Pairs began displaying courtship behaviour in February and the first egg was laid on 2 April. The mean first clutch initiation date for pairs that laid three clutches was 6 April ±1 day (n = 8); for pairs that laid two clutches it was 20 April ±3 days (n = 8); and for pairs that laid one clutch it was 14 May ±3 days (n = 4). Early-laying females produced a greater total number of clutches (and thus total number of eggs) during the season (r = −0.91, p < 0.0001, n = 20). Average clutch size was 4.56 ± 0.72 (range 4–6), with 96.5 per cent of the eggs hatching. Mean clutch sizes of females that laid different number of clutches did not differ (χ2 = 4.42, d.f. = 2, p = 0.11), so the main difference in reproductive output was in the number of clutches laid.

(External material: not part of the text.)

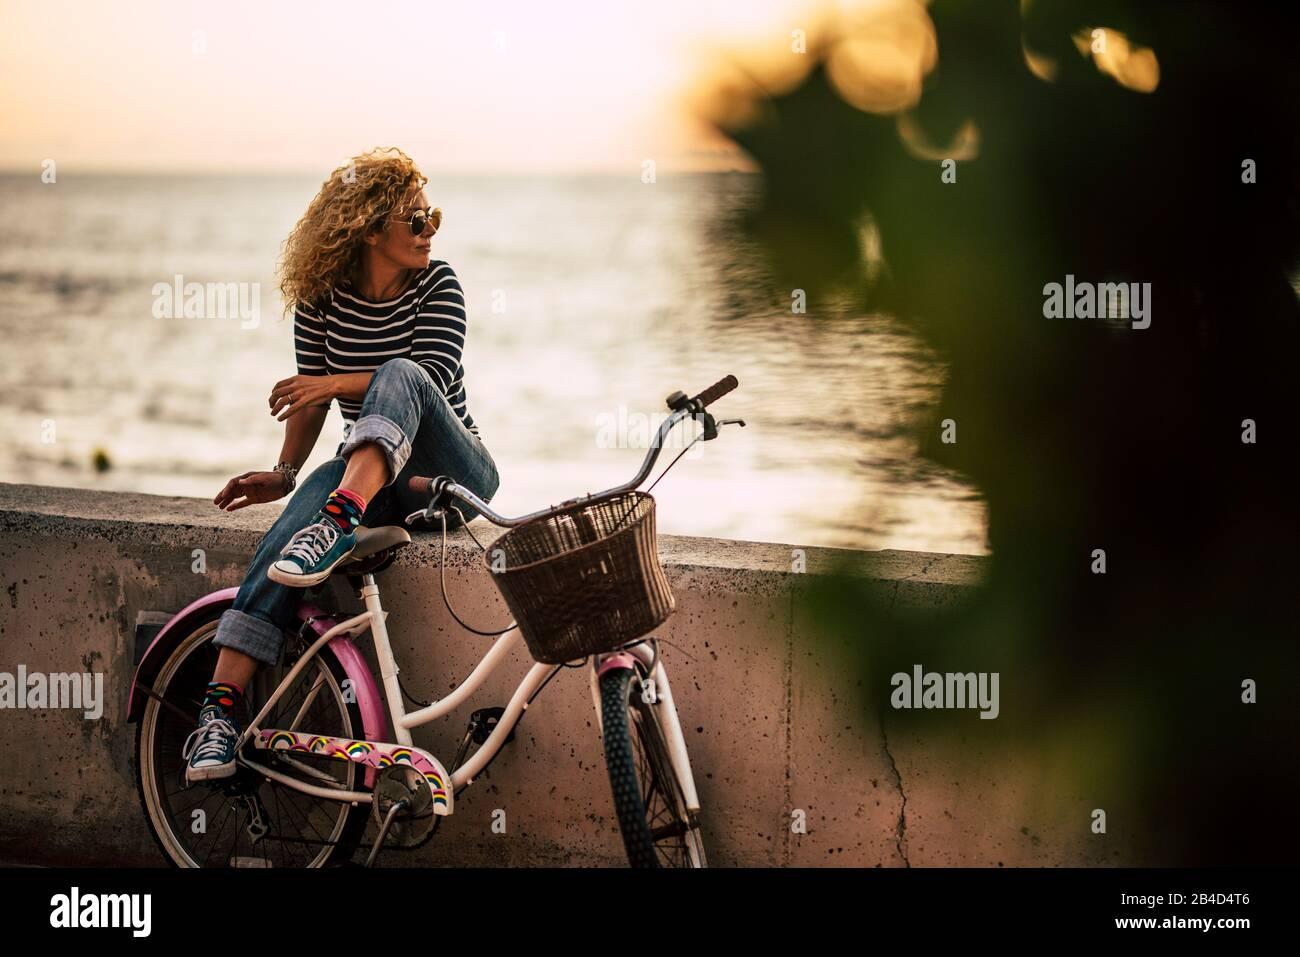 Femme caucasienne adulte profitant d'activités de loisirs outdor reposant après une balade sur un vélo d'époque, assis sur un mur en regardant l'océan - sain vie active personnes Banque D'Images

Prl concentrations in the same individual were repeatable (variation between pre-breeding and breeding concentrations within an individual was lower than variation among individuals) in males (r = 0.65, d.f. = 19, F = 2.55, p = 0.02) and in females (r = 0.68, d.f. = 19, F = 6.24, p < 0.0001) from the pre-breeding to the nestling stages of the reproductive cycle. Cort0 was repeatable neither in males (r = 0.04, d.f. = 19, F = 0.28, p = 0.89) nor in females (r = 0.04, d.f. = 19, F = 0.28, p = 0.88) from the pre-breeding to the nestling stages. MaxCort was repeatable neither in females (r = 0.08, d.f. = 19, F = 0.86, p = 0.62) nor in males (r = 0.23, d.f. = 19, F = 1.56, p = 0.16).

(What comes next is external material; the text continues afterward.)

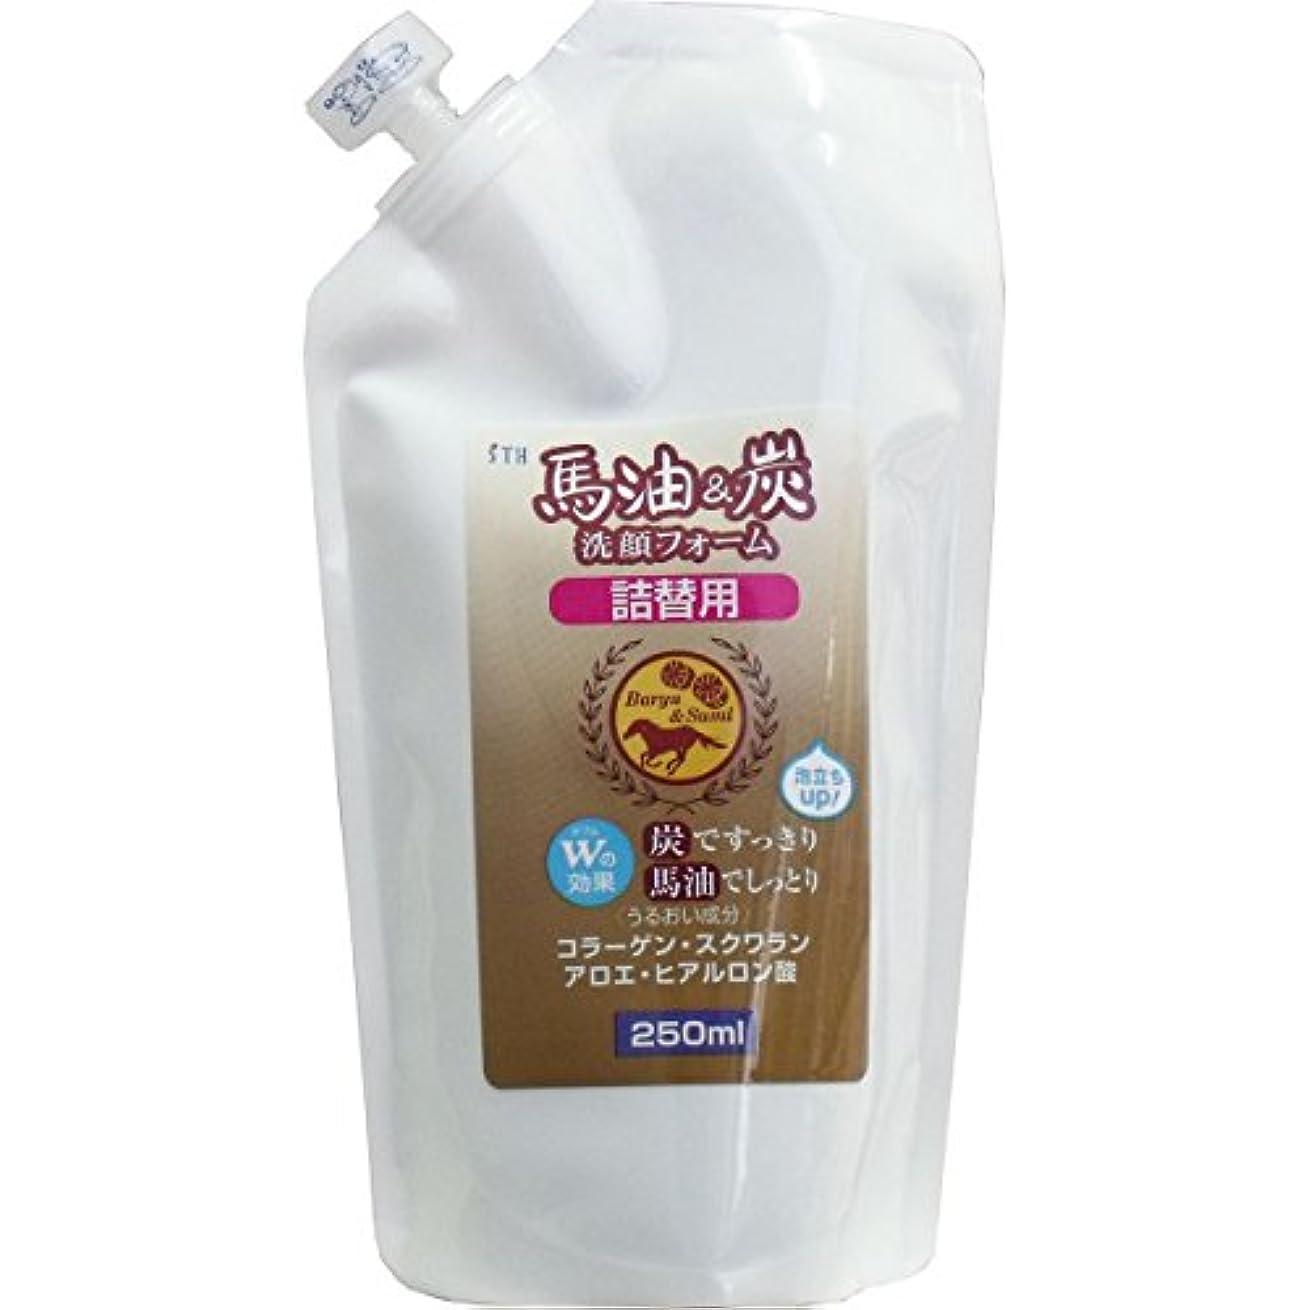 データムホースチョップ馬油&炭 洗顔フォーム 詰替用 250mL【1個】

Hormone levels of the members of a pair were positively correlated with each other, both before the breeding season (Prl: r = 0.78, p < 0.0001; Cort0: r = 0.77, p < 0.0001; maxCort: r = 0.47, p = 0.01) and during the breeding season (Prl: r = 0.53, p = 0.003; Cort0: r = 0.50, p = 0.004; maxCort: r = 0.49, p = 0.008). Feeding rates were also positively correlated between members of a pair (r = 0.77, n = 20, p < 0.0001).

(b). Hormones and reproductive success

Pre-breeding body condition was negatively correlated with pre-breeding Cort0 (females: r = −0.47, p = 0.035; males: r = −0.53, p = 0.015) and positively correlated with breeding Cort0 levels (females: r = 0.66, p = 0.0017; males: r = 0.48, p = 0.034).

In females, both Cort0 and Prl concentrations, and in males Prl but not Cort0, during the pre-breeding season predicted total number of fledglings for the entire season (overall model: females: F = 61.20, d.f. = 5, p < 0.00001, r2 = 0.93; males: d.f. = 3, F = 27.62, p < 0.00001, r2 = 0.81; see table 1). Females with low Cort0 and high Prl concentrations during the pre-breeding season fledged the most offspring, while in males only high pre-breeding Prl was associated with increased reproductive success (figure 1).

Table 1.

Results from multiple regression model to predict total number of fledglings from variables measured during the pre-breeding season. Numbers in bold indicate values are significant at the 0.05 level.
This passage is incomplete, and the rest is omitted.